That is the list of presidential election results, by state, for every election ever held in the United States of America. There was a version of this chart in one of my history books in college and then, as now, it fascinated me. See, the state I'm currently moving out of is Vermont, and Vermont has the longest party loyalty streak of any state for any party: from 1856 through 1960, Vermont voted Republican. In case you were wondering, this is what the electoral map of 1856 looked like:
There were 31 states that year. And Vermont remained a Republican stronghold for 104 years. Even when the cool states were voting Democratic, Vermont voted Republican. Even when it was FDR in World War II, Vermont voted Republican. In fact, even after going for LBJ in 1960, Vermont went back to being Republican until 1992. Now, it's one of the bluest of the blue states, with there being no indication of anything about that changing in this election. Why?

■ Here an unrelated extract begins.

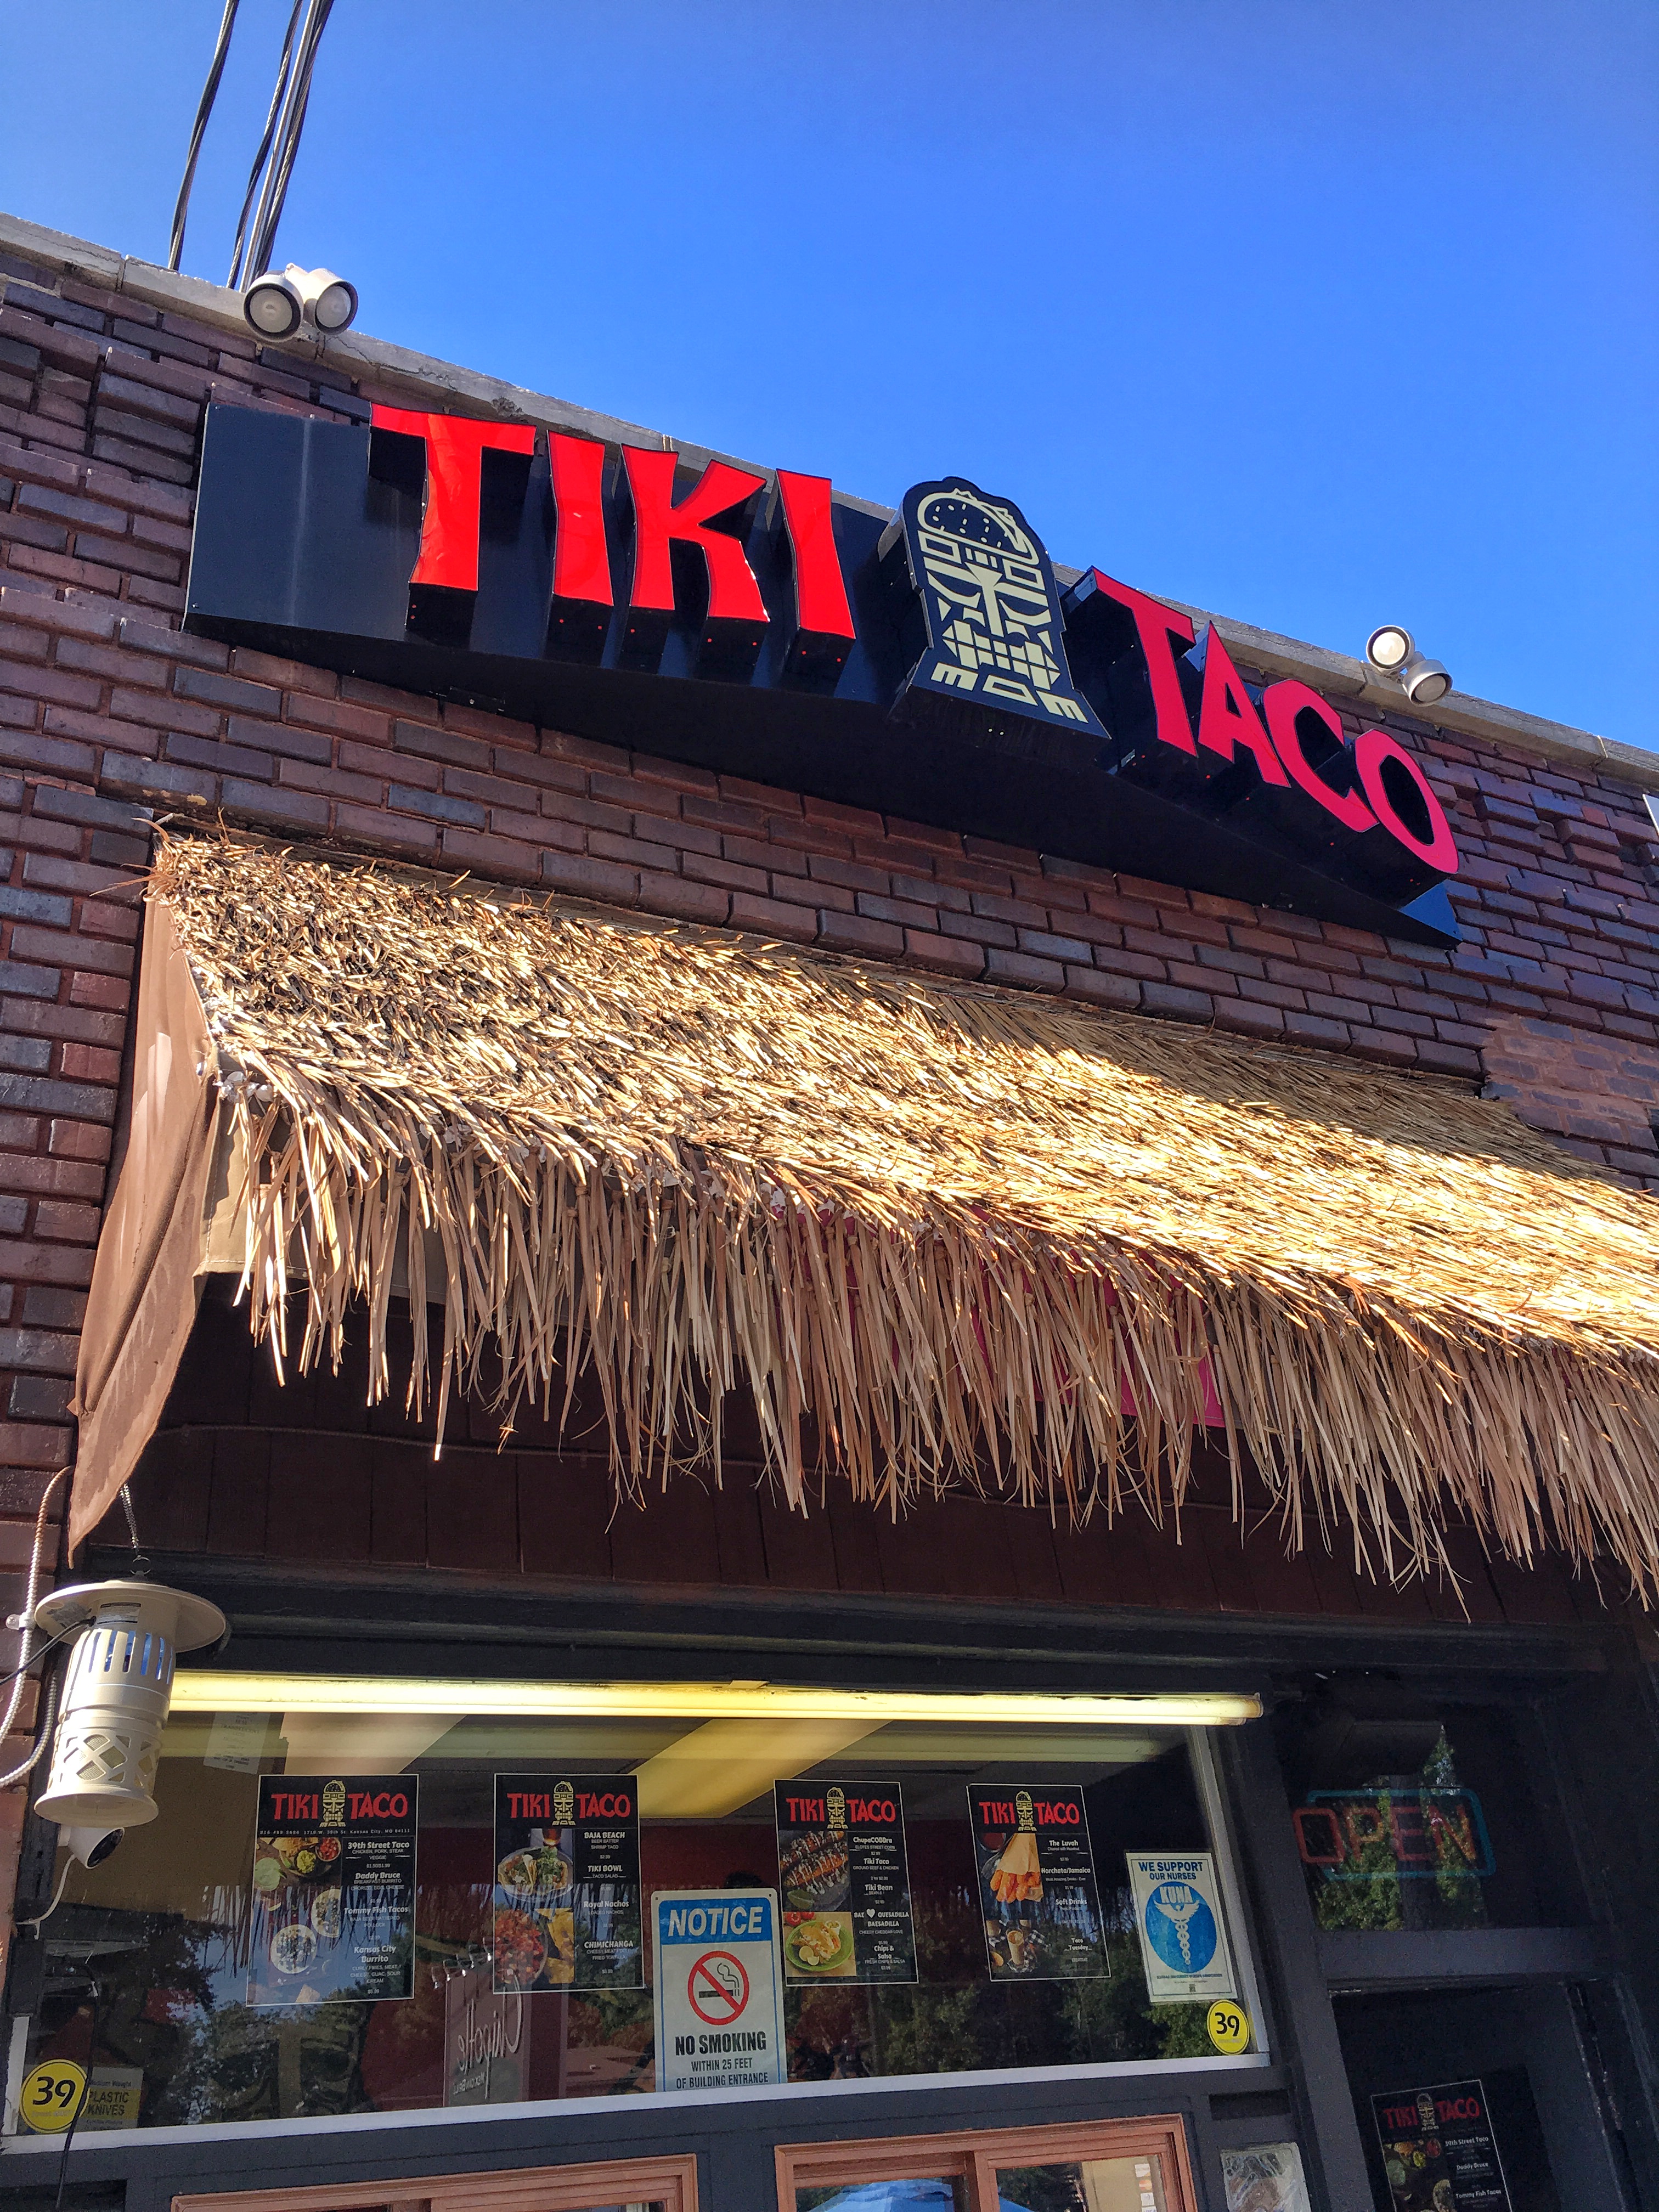 Taco Tuesday at TikiTaco

It's complicated in ways I wish I had the time to get into. The Republican and Democratic parties performed a very slow waltz over the course of the 20th century in which the two traded places as the liberal and conservative voices, and that had a lot to do with race. In the last few years, the remaining handful of conservative Democrats and liberal Republicans have either jumped ship or died from old age.
One might think that that's what happened with Vermont: The conservative generation has passed on, giving way to liberals. But what I, personally, have seen is nothing like that: I went to an Occupy march last year at about this time and most of the people there had probably been college kids when Vietnam was happening. The liberals here are young and old.
More than that, however, is that the Republican Party here in Vermont looks nothing like the Republican Party nationally. There are different strains of Republicanism nationally - the Reaganites, the neo-cons, whatever Mitt Romney is classified as - but I'd say the Republicans here are Coolidge Republicans, taciturn to the point of being spartan and concerned with function over style for everything. At the height of Tea Party mania during the midterm elections of 2010... nothing happened here.
I'm too young to really know if they've stuck by their guns the whole time or if they've retracted from the high-water mark of Reagan flamboyance in the 1980s, but either way, they're not the rest of the party is nationally. Just a thought worth sharing as we head into an election in which both sides are convinced the other party's candidate will run the US into the ground.